Sparkfun Battery Charge Current Question


by tronic Tue Aug 17, 2010 12:23 pm

Hey everyone - I have the 900mAh Li-Poly battery from Sparkfun (PRT-00341). I'm trying to interface it to a battery charger IC. My question is how do I determine the charge current for the battery? The spec sheet says the charge current is "Standard 0.2C5A Max 1C5A". How do I interpret that? What does the "C5" mean? Thanks!

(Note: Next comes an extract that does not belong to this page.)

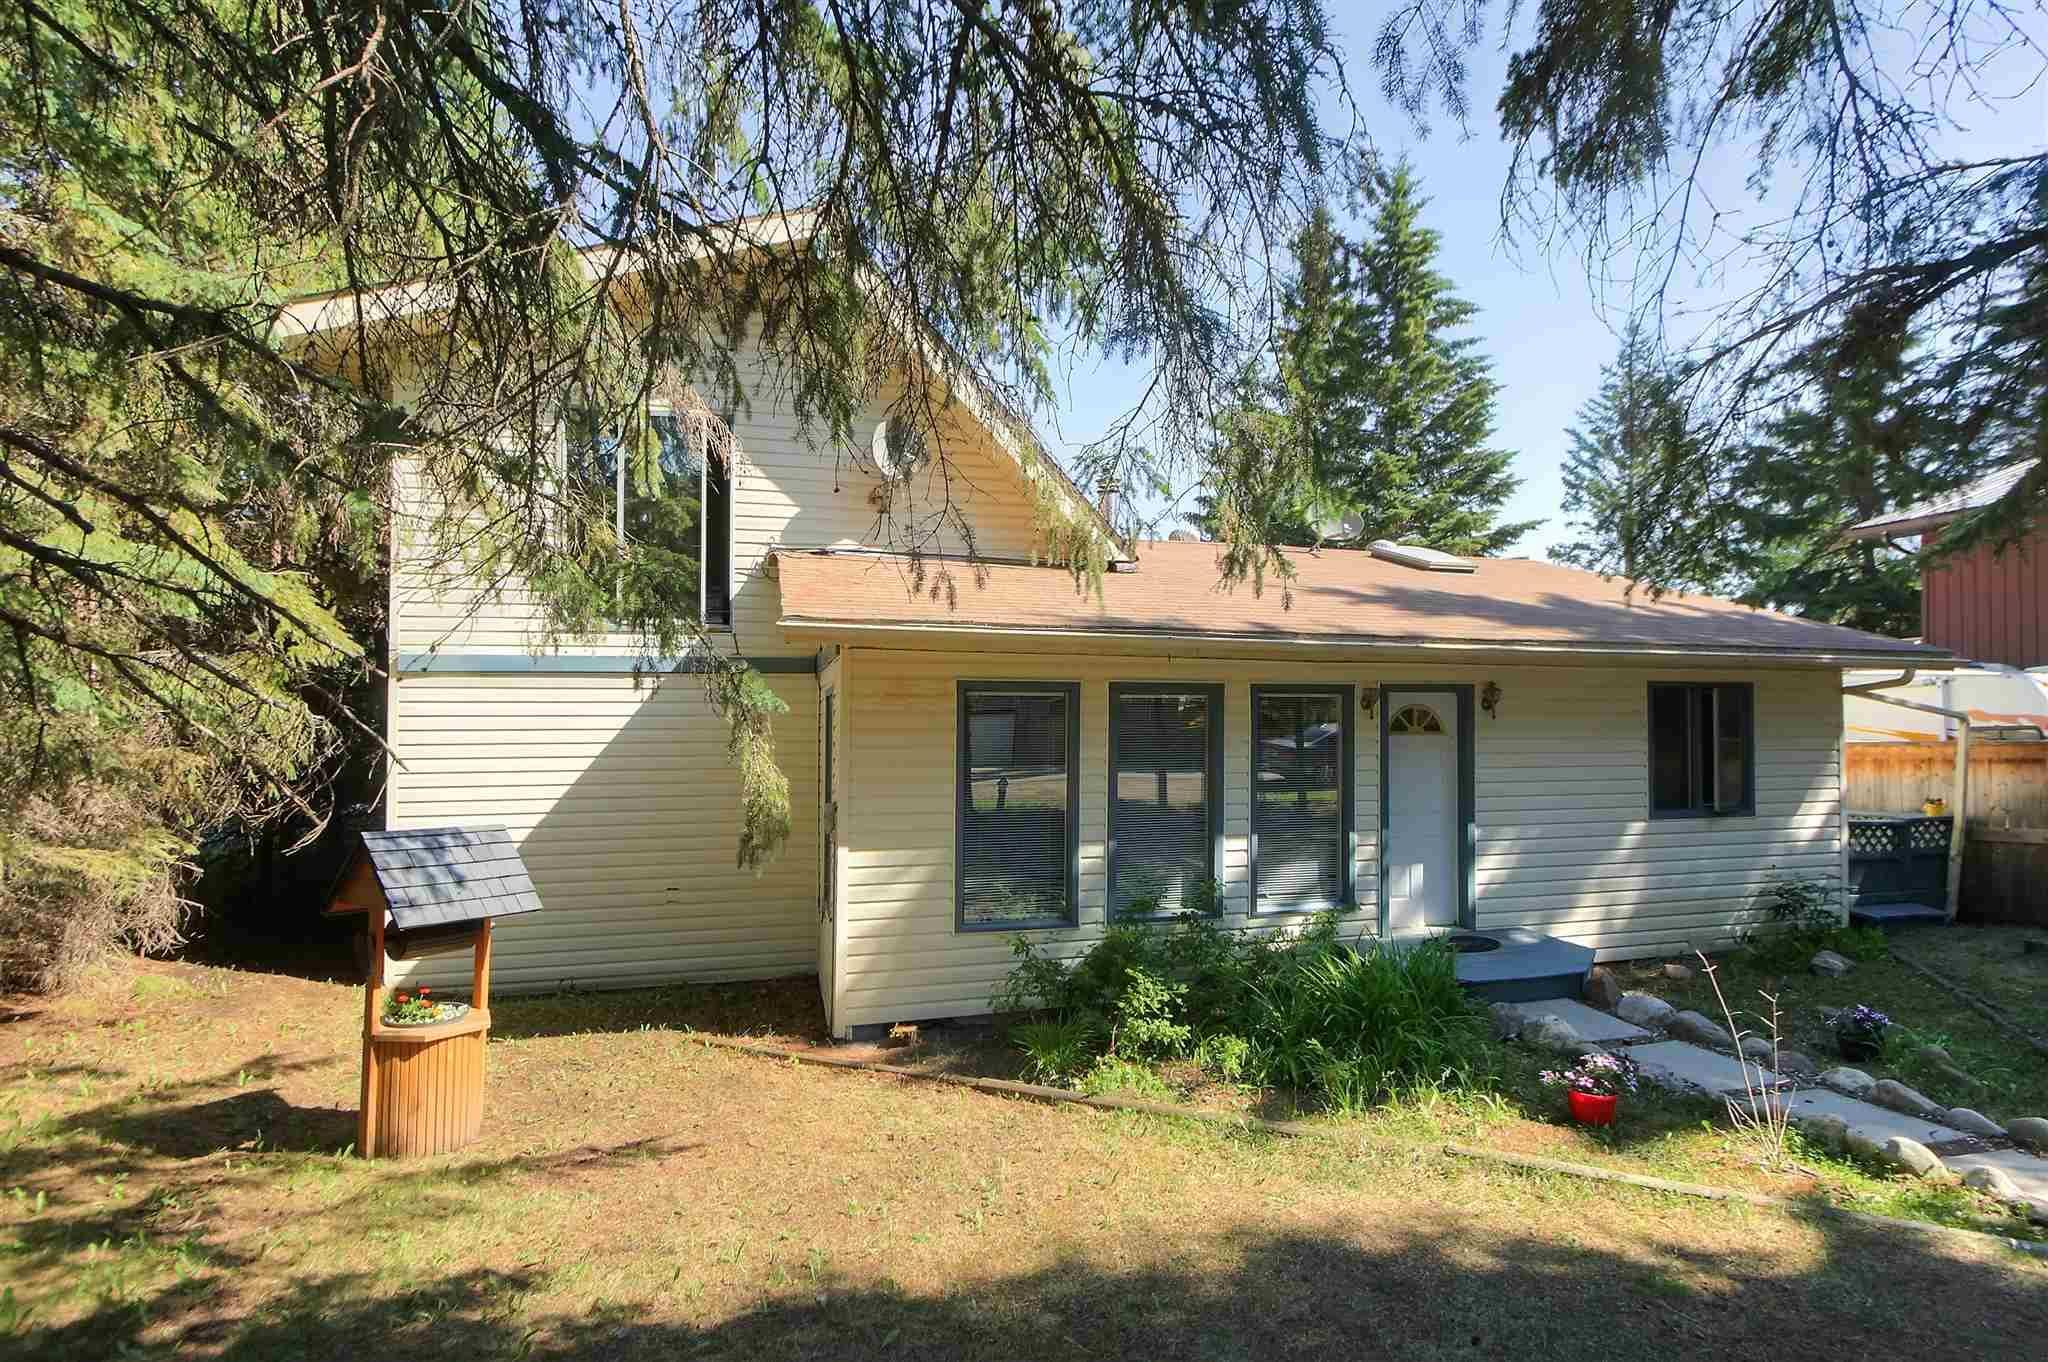 Main Photo: 1510 Marine Crescent: Rural Lac Ste. Anne County House for sale : MLS®# E4252229

Re: Sparkfun Battery Charge Current Question


by coyote20000 Tue Aug 17, 2010 1:39 pm

coyote20000 Posts: 329 Joined: Mon Jun 07, 2010 12:27 pm Location: Rahway, NJ

C stands for Capacity. Standard 0.2C5A Max 1C5A From what you typed, I'd say the charge current should be 0.2C. If the capacity of the battery is 5A (I'm only guessing by what you wrote) or 5Ah (5000 mAh) then 0.2C is (0.2*5Ah) or 1A. Dave

Re: Sparkfun Battery Charge Current Question


by tronic Tue Aug 17, 2010 1:56 pm

tronic Posts: 20 Joined: Sun Jun 27, 2010 9:34 am

Dave - thanks for your response. It's nice to know C stands for capacity. Except this battery is not 5Ah, it's 900mAh, so I'm still confused. I should also mention that the 5 is a subscript of the C.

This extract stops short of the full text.